──────── Collected material

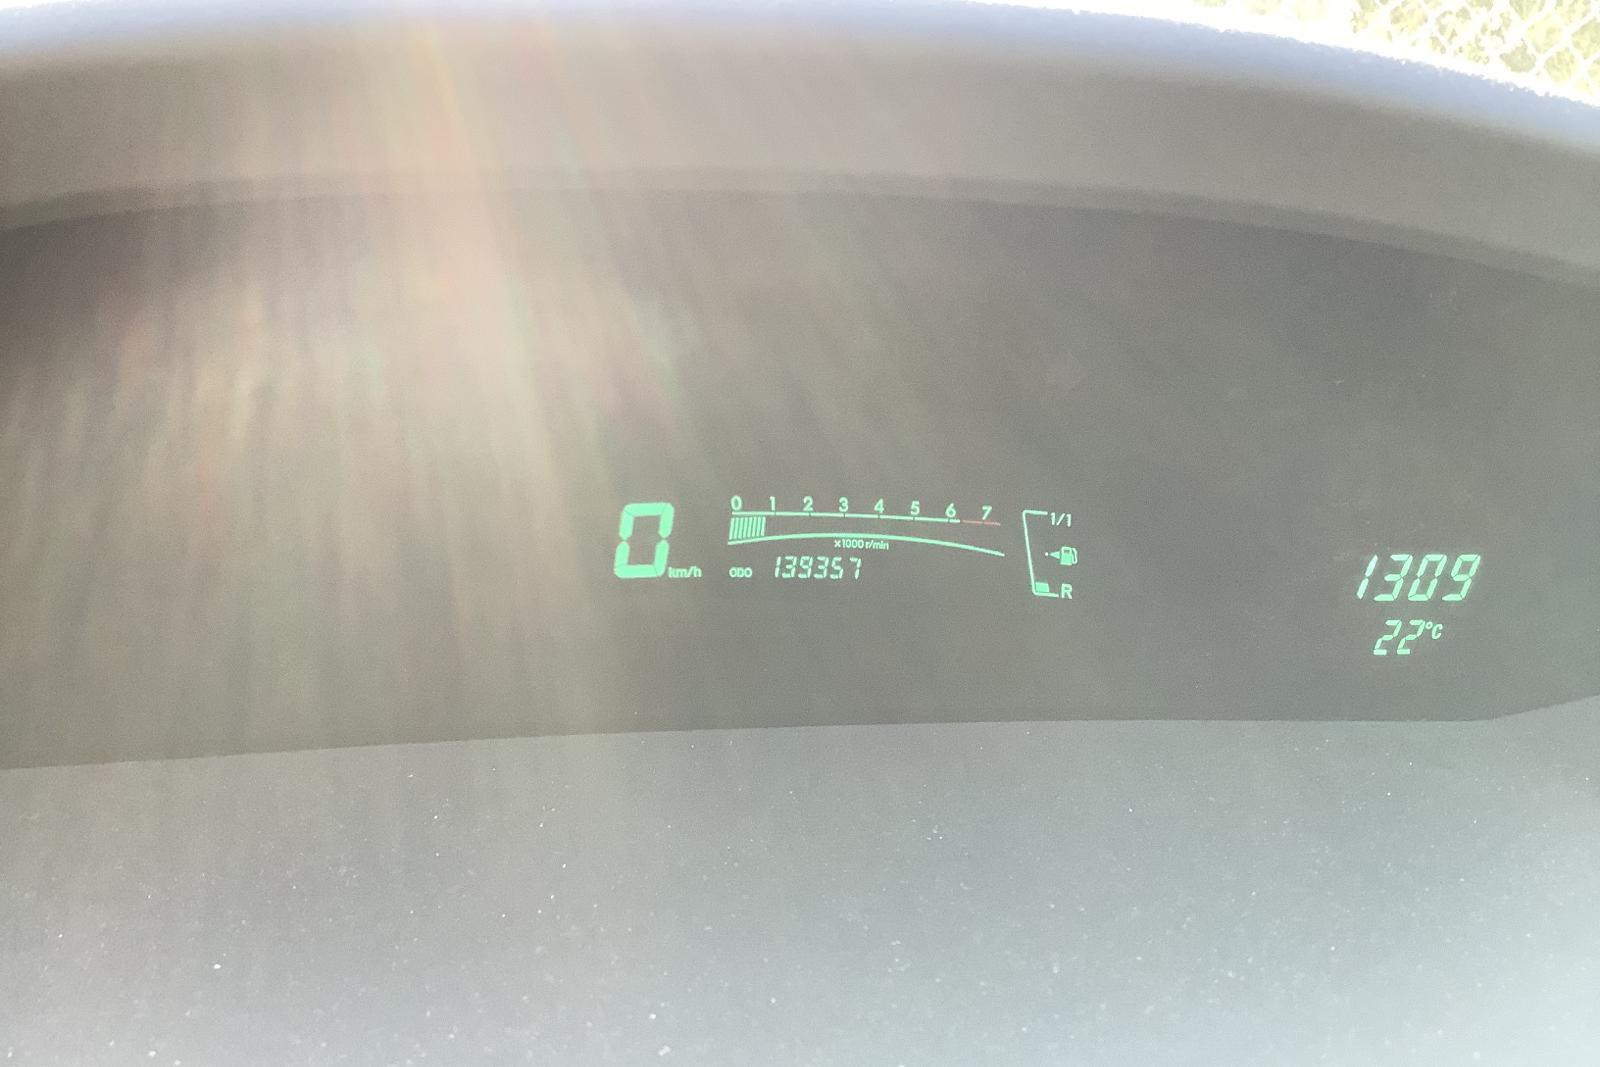 Toyota Yaris 1.3 5dr (87hk) - 140 000 km - Manual - black - 2007
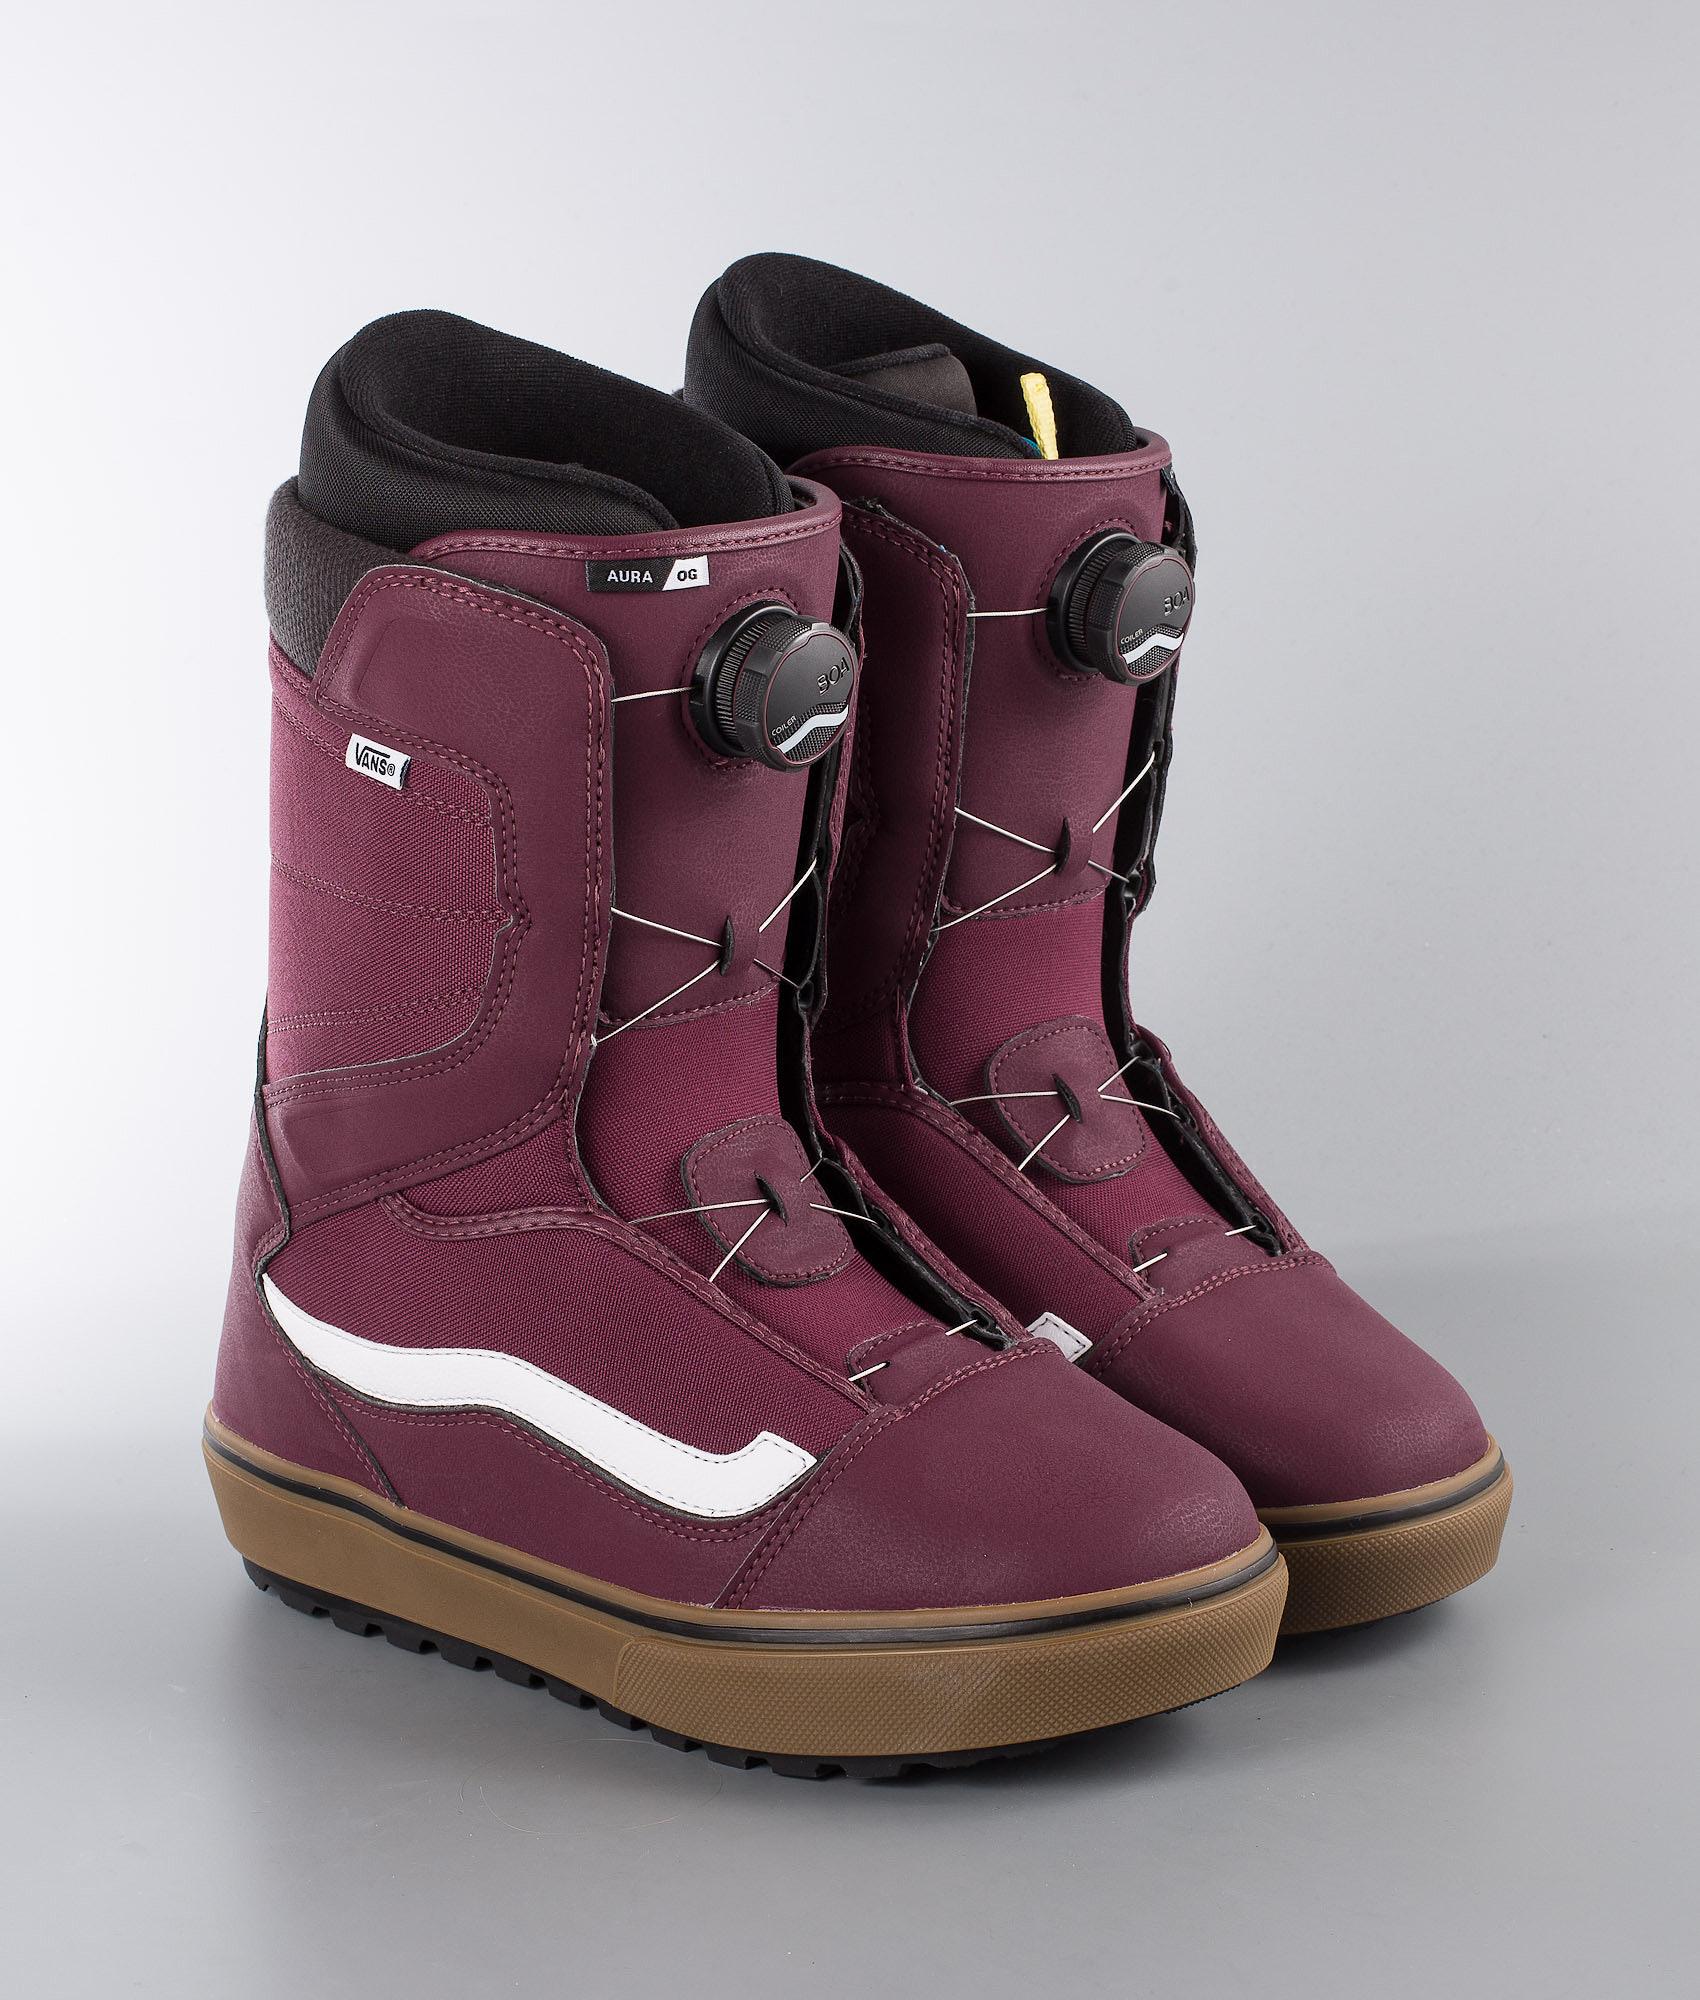 1199fd83bf Vans Aura OG Snowboard Boots Burgundy Gum - Ridestore.com
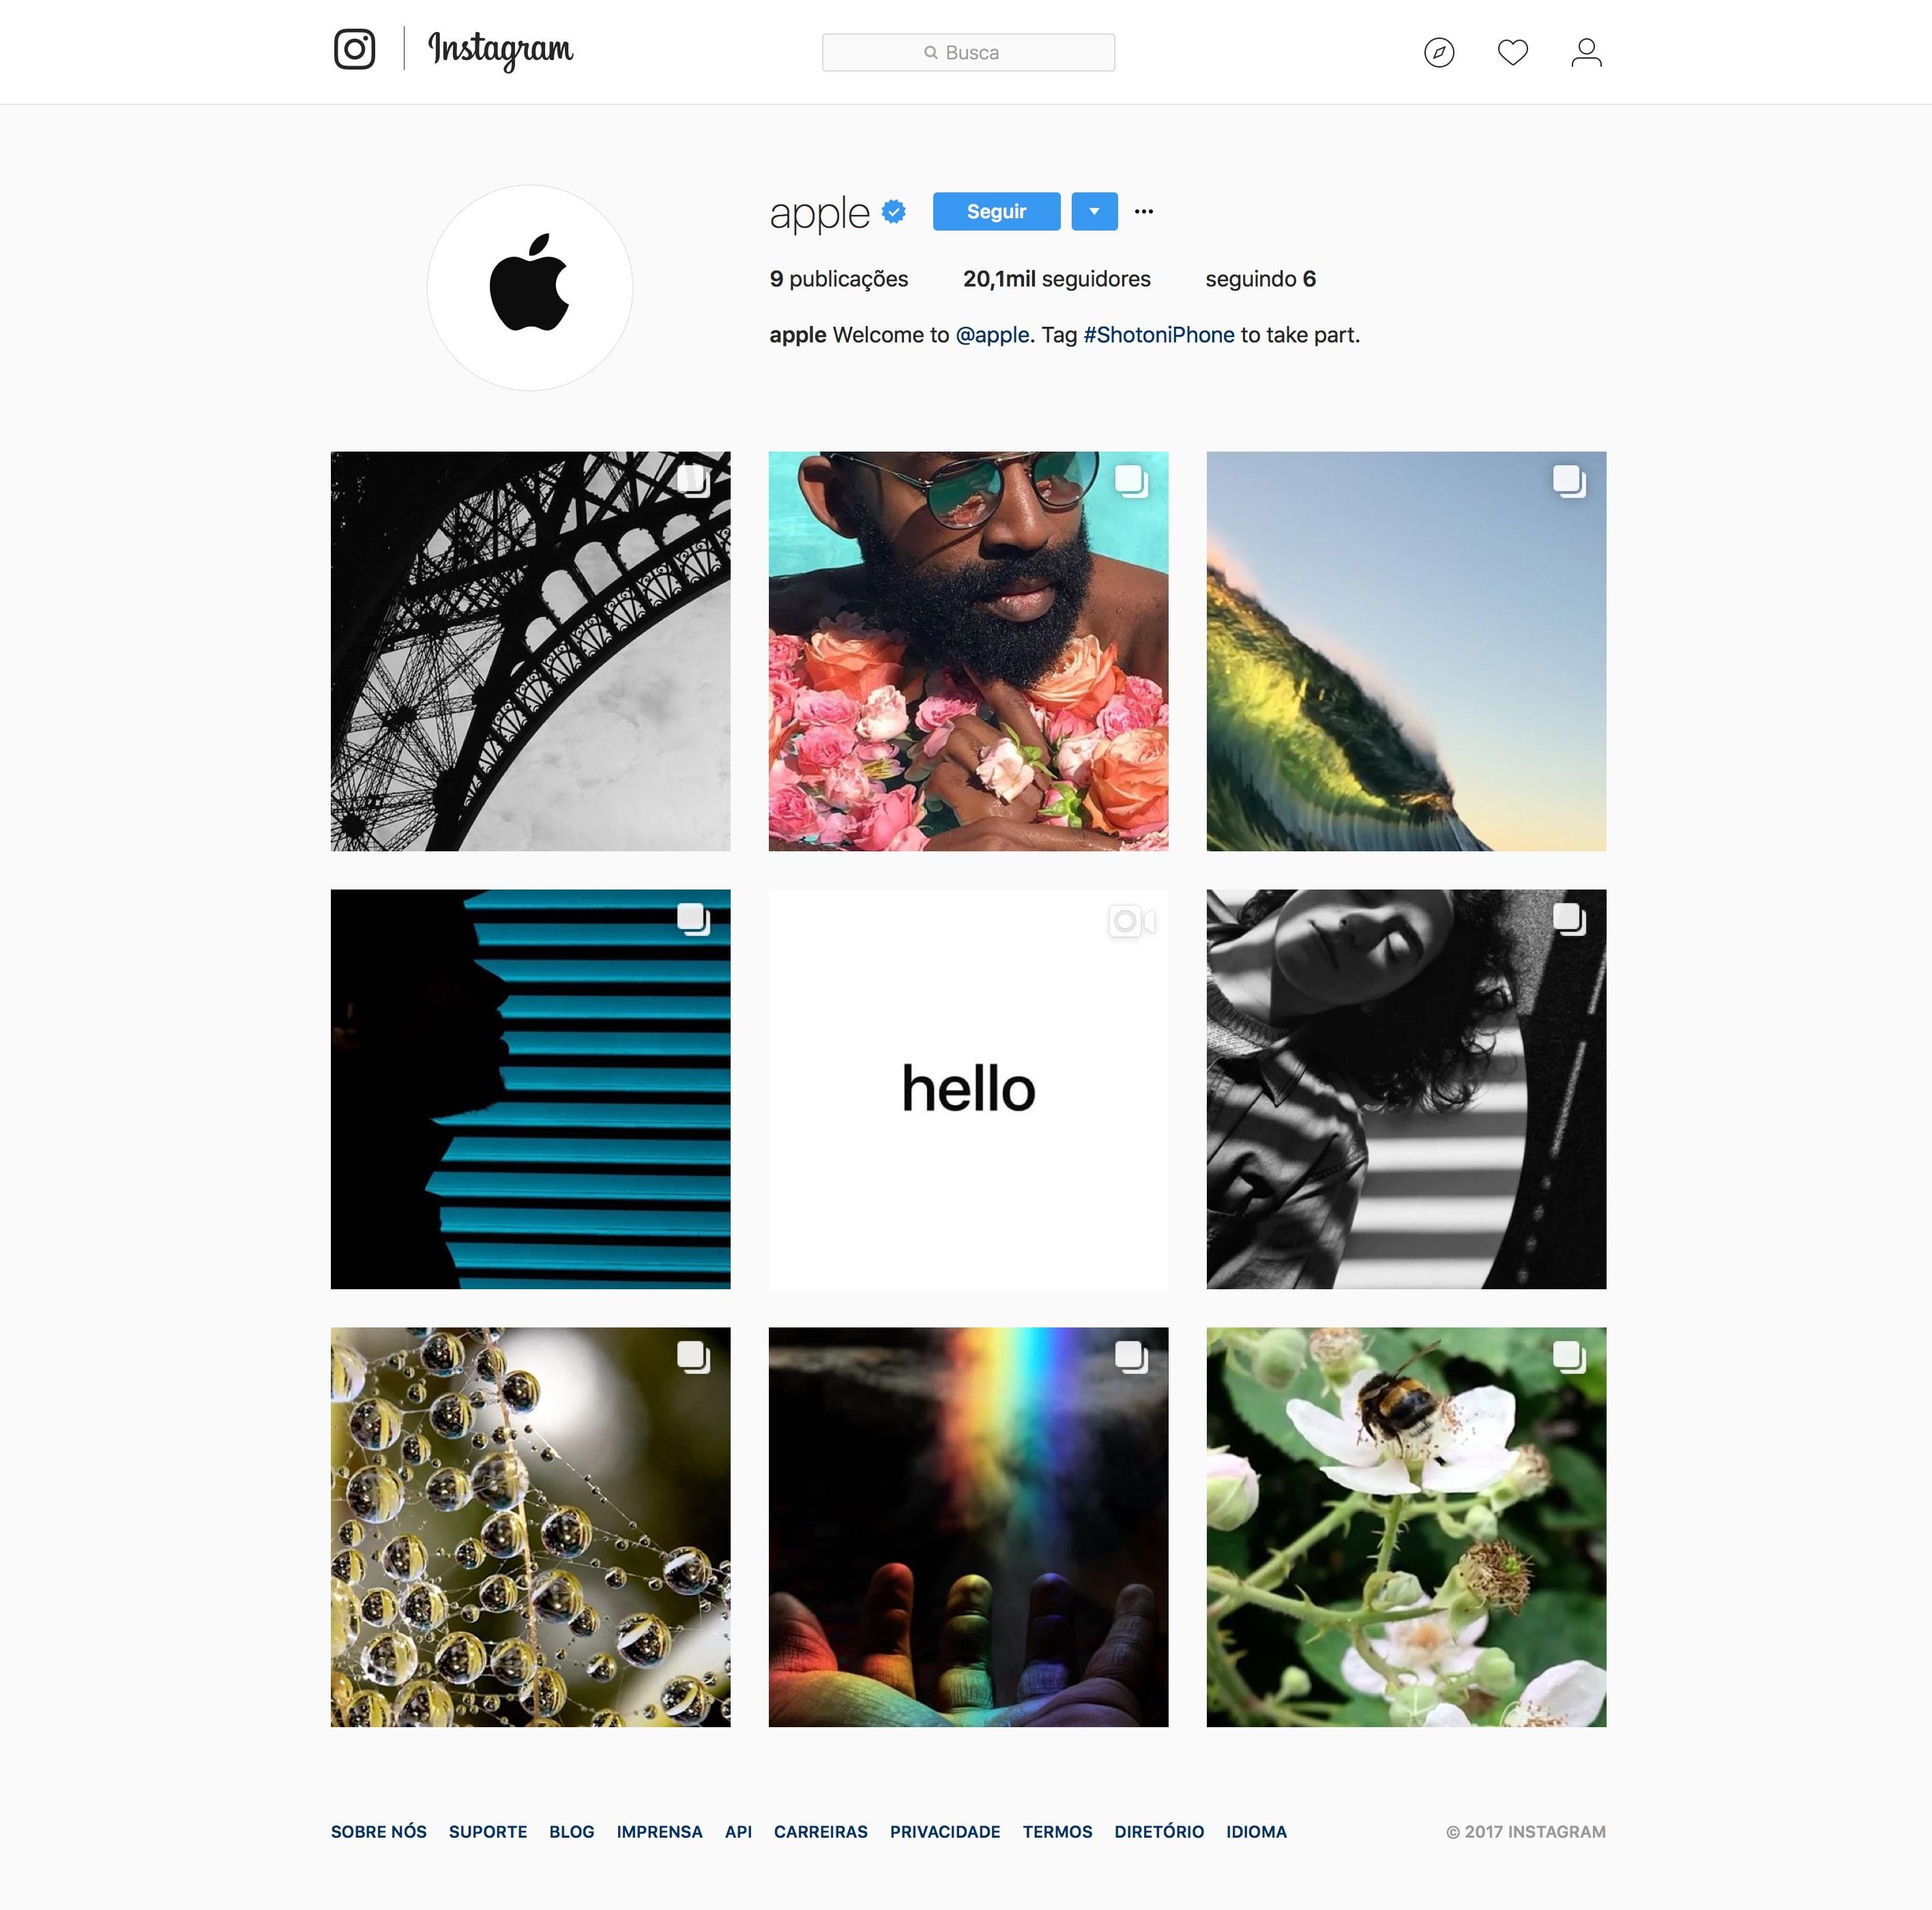 Fotos dos novos iPhones mostram leitor de digitais na traseira — Rumor

────────────────

### What is needed
The data must come back word for word, with every picture removed.

### Solution for this task
 Toyota Yaris 1.3 5dr (87hk) - 140 000 km - Manual - black - 2007
 1199fd83bf Vans Aura OG Snowboard Boots Burgundy Gum - Ridestore.com
 Fotos dos novos iPhones mostram leitor de digitais na traseira — Rumor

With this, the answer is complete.